Exercise data →
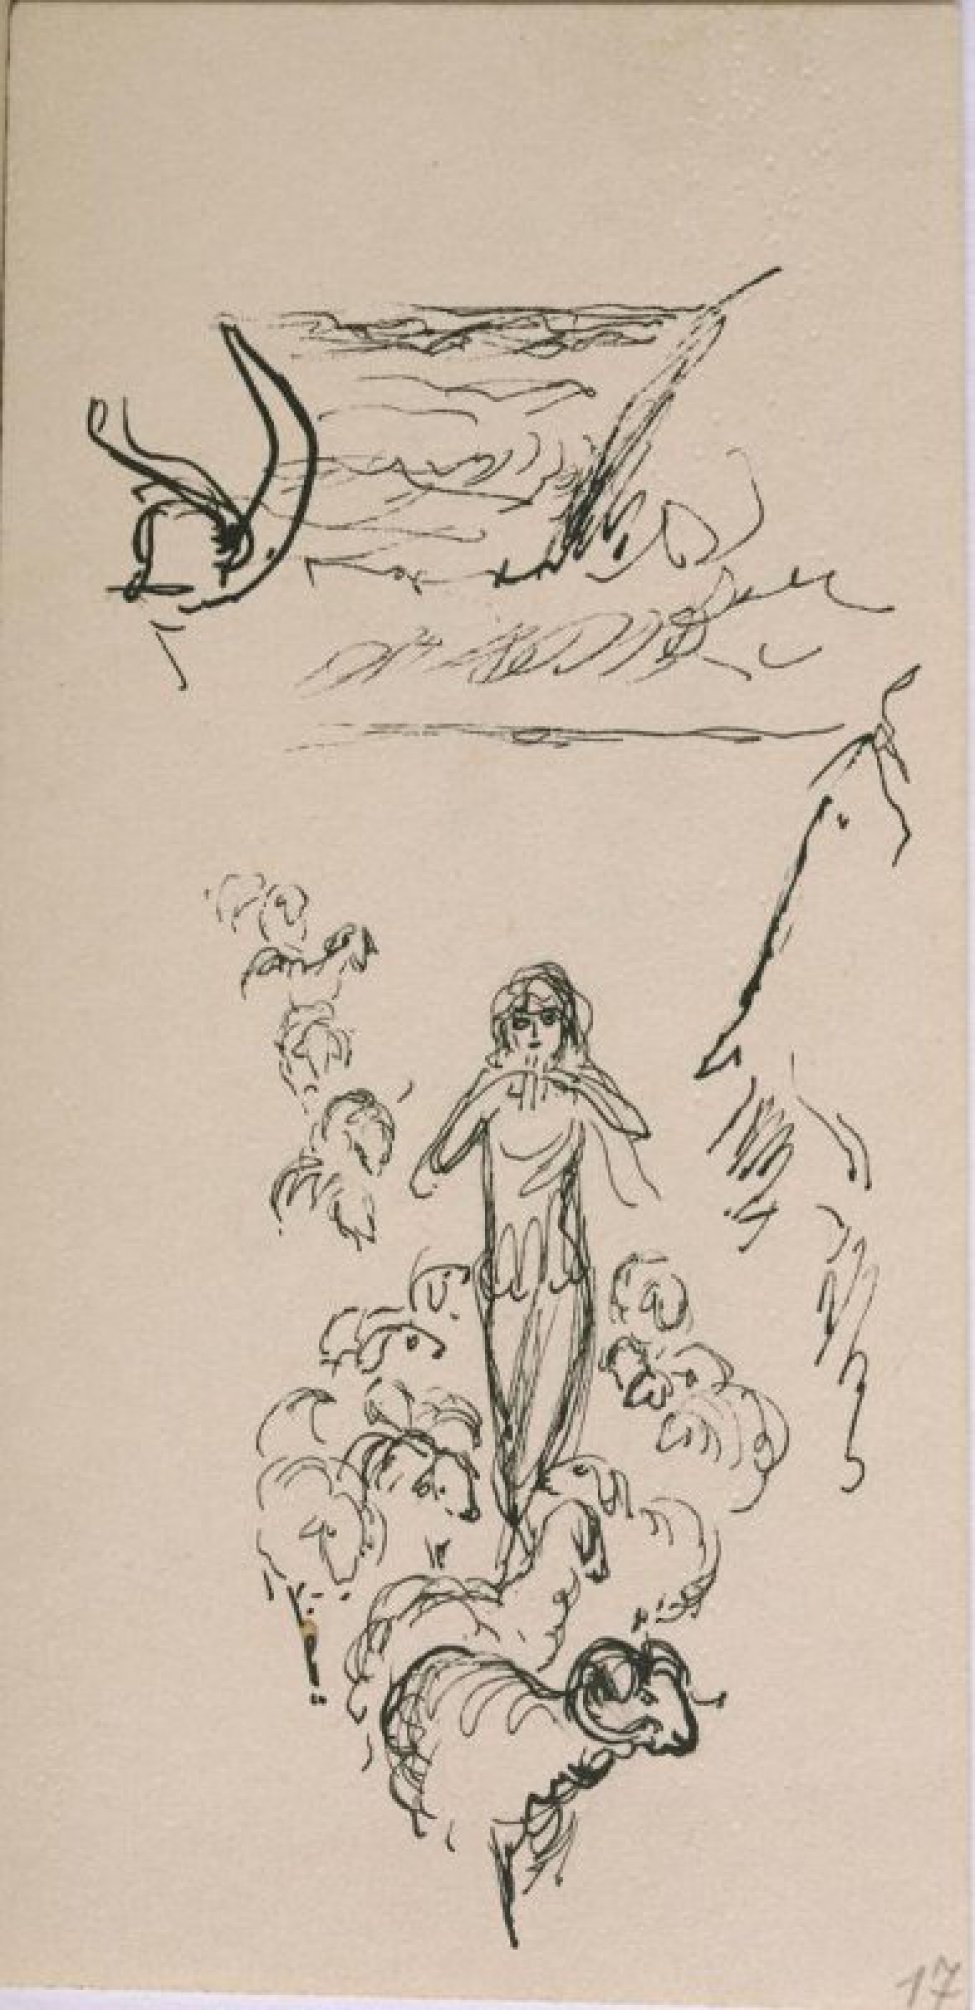 Рисунок двусторонний. I. Изображена девушка, играющая на свирели среди овец. На заднем плане - морской берег. II. Юноша среди овец.
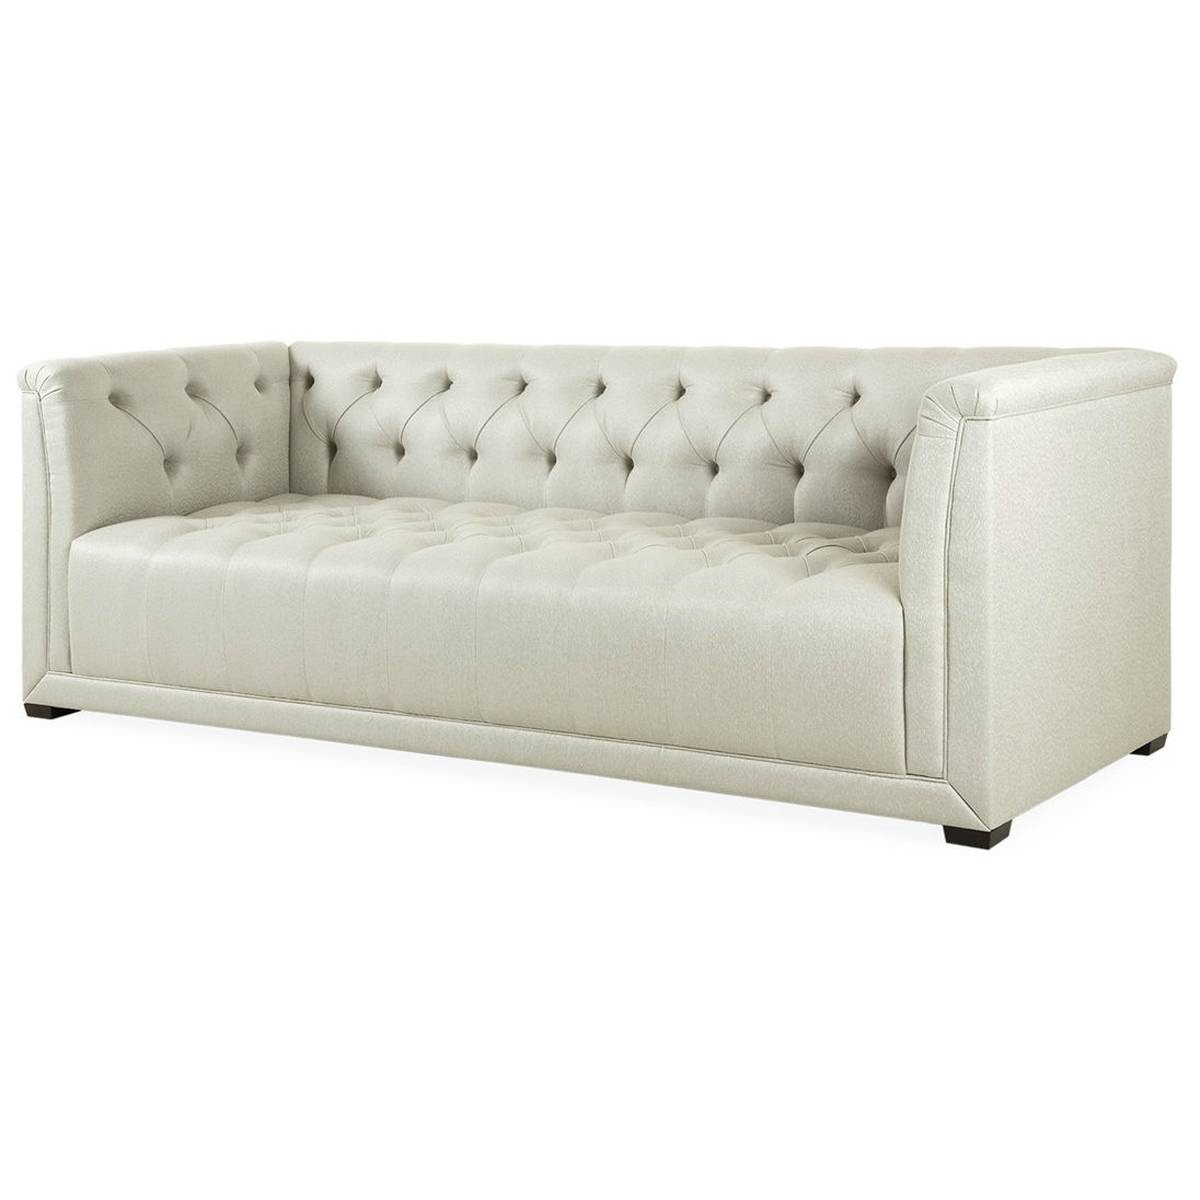 Прямой диван Belmont из Великобритании фабрики THE SOFA & CHAIR Company
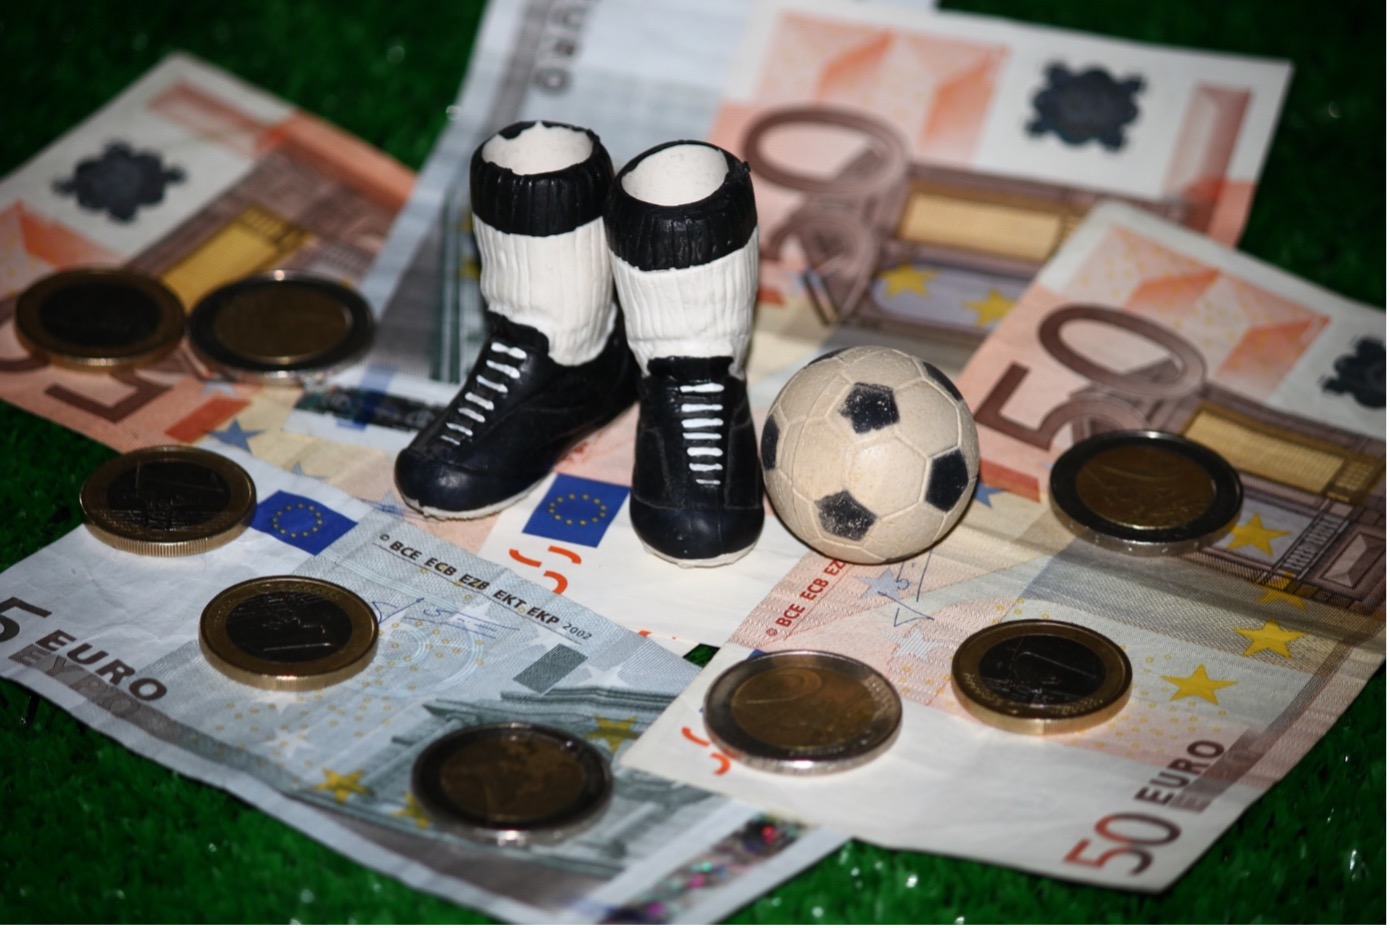 Des FC Bayerns Katarliebe: Eine Beziehung zwischen Geld und Moral

Problem to solve →
The listing must be repeated word for word, and none of its pictures may appear in the copy.

Answer to this task →
 Рисунок двусторонний. I. Изображена девушка, играющая на свирели среди овец. На заднем плане - морской берег. II. Юноша среди овец.
 Прямой диван Belmont из Великобритании фабрики THE SOFA & CHAIR Company
 Des FC Bayerns Katarliebe: Eine Beziehung zwischen Geld und Moral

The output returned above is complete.